Cloud service providers offer Machine–Learning–as–a–Service platforms, enabling companies to leverage the power of scalability & reliability while performing ML operations. With huge adoption of such systems worldwide, the security posture of the platform itself often may go unnoticed as it has been observed in previous research about vulnerabilities in Google’s AI Hub and AWS’s Sagemaker Jupyter Notebook services.
We investigated Azure ML, a managed MLaaS offering from Microsoft. We found five 0days over three broad classes of security issues namely:
Insecure logging of sensitive information – We found five instances of credentials leaking in cleartext on Compute Instances, due to insecure usage of open-source components and insecure system design of how the environment was being provisioned.
MLSee: A vulnerability allowing sensitive information disclosure – We found a case of exposed APIs in cloud middleware leaking sensitive information from Compute Instances. The vulnerability could be leveraged by network-adjacent attackers after initial access to laterally move or snoop in on the commands executed using Jupyter terminal on a Compute Instance.
Achieving Persistence – While reversing cloud middleware to decipher their functionality, we found two ways to achieve persistence in AML environments. First, An attacker could fetch the Storage Account access key and the Azure AD JWT of the system-assigned managed identity assigned to the Compute Instance, even from non-Azure environments.

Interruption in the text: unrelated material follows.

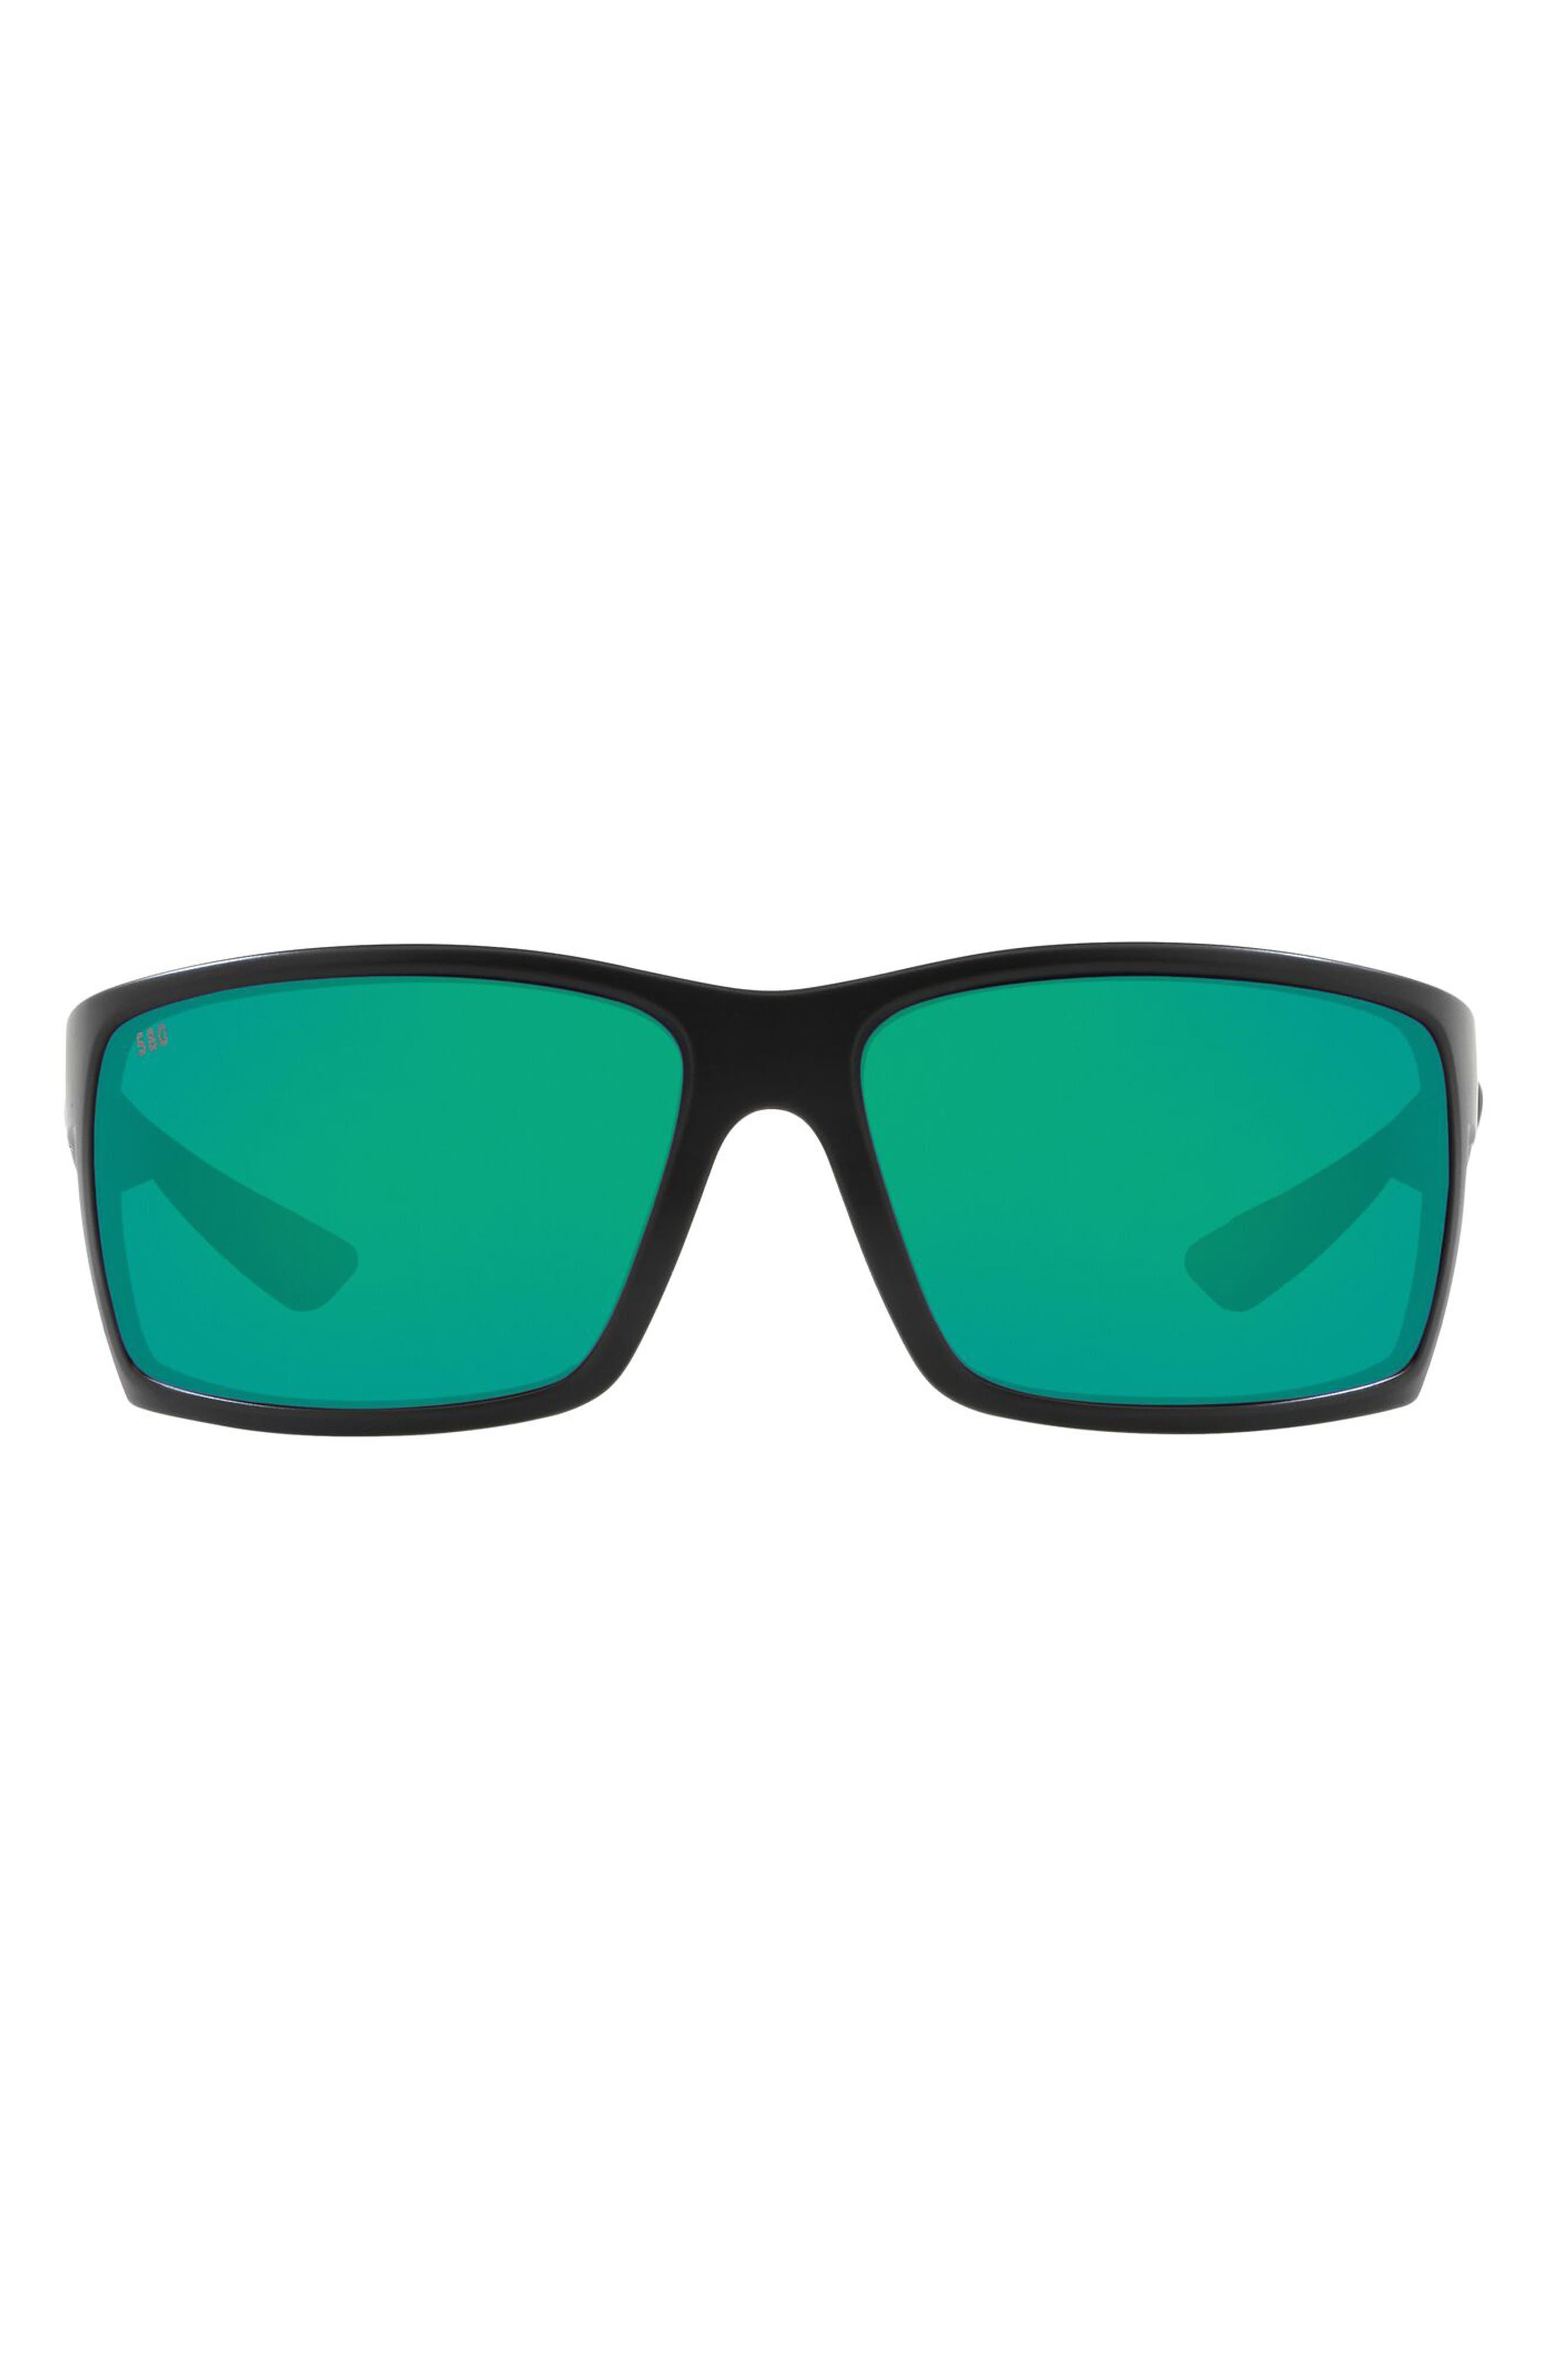 Reefton 64mm Mirrored Polarized Oversize Sunglasses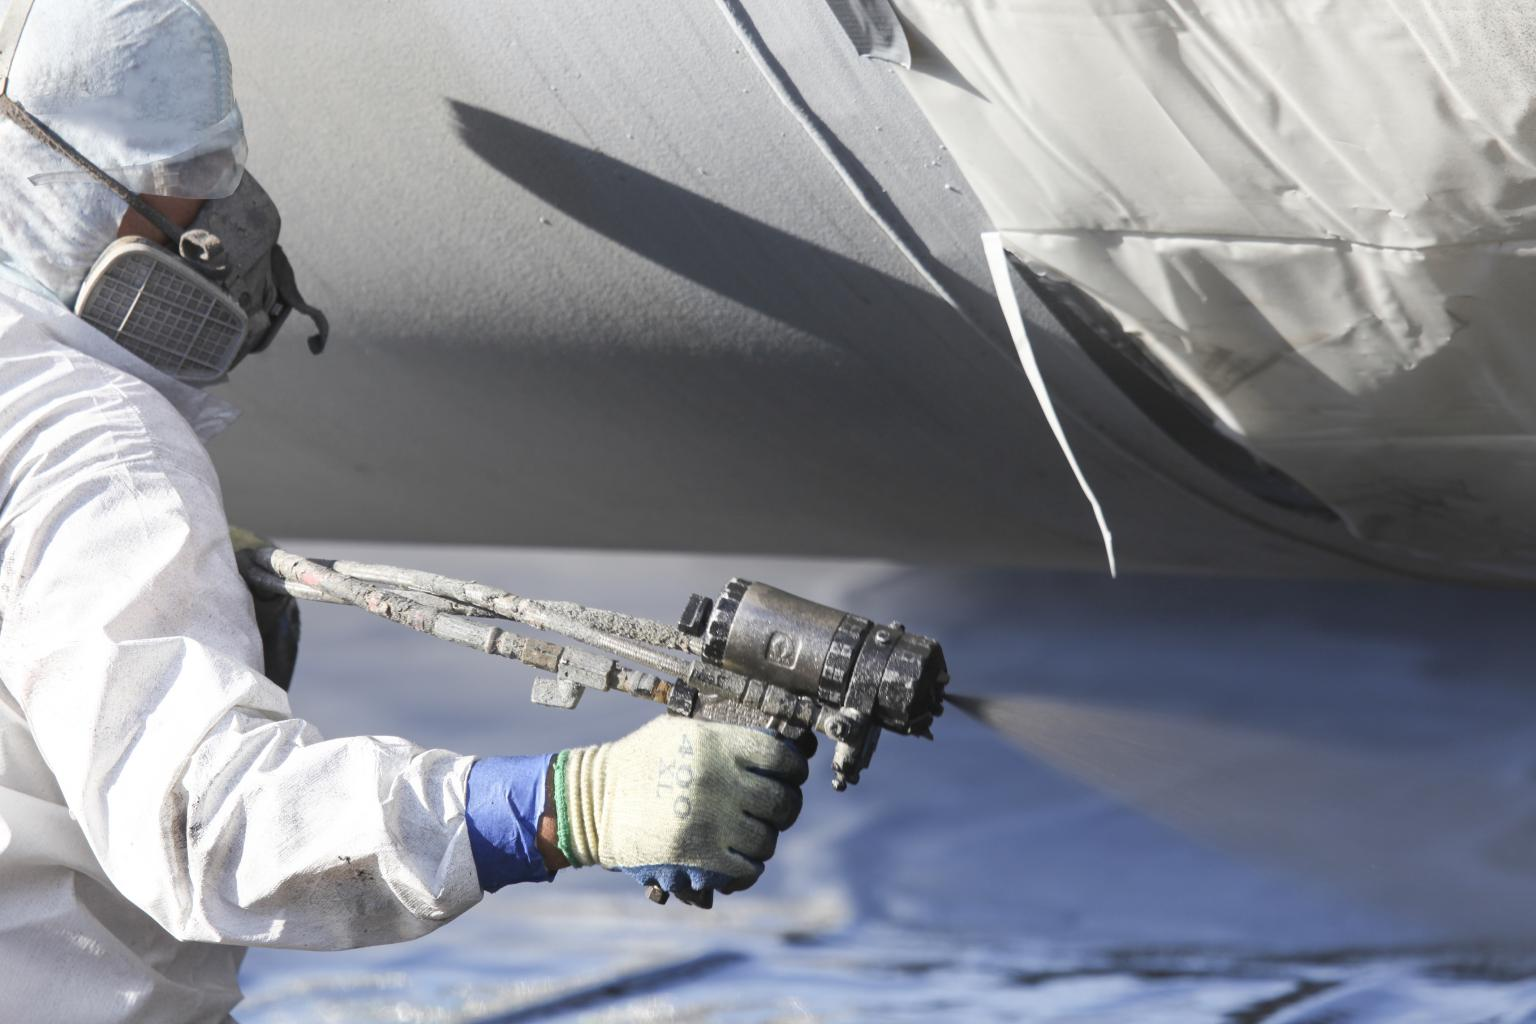 The VersaFlex solution is spray-applied

Through this talk, the attendees will learn about the different issues that were found in AML, which may extend to other Cloud-based MLaaS platforms. As we take a deep dive into the security issues, we will be demonstrating various techniques we adopted while researching the service, giving the attendees a glimpse of how the security of managed services like AML can be assessed when there are blurred lines in the shared responsibility model.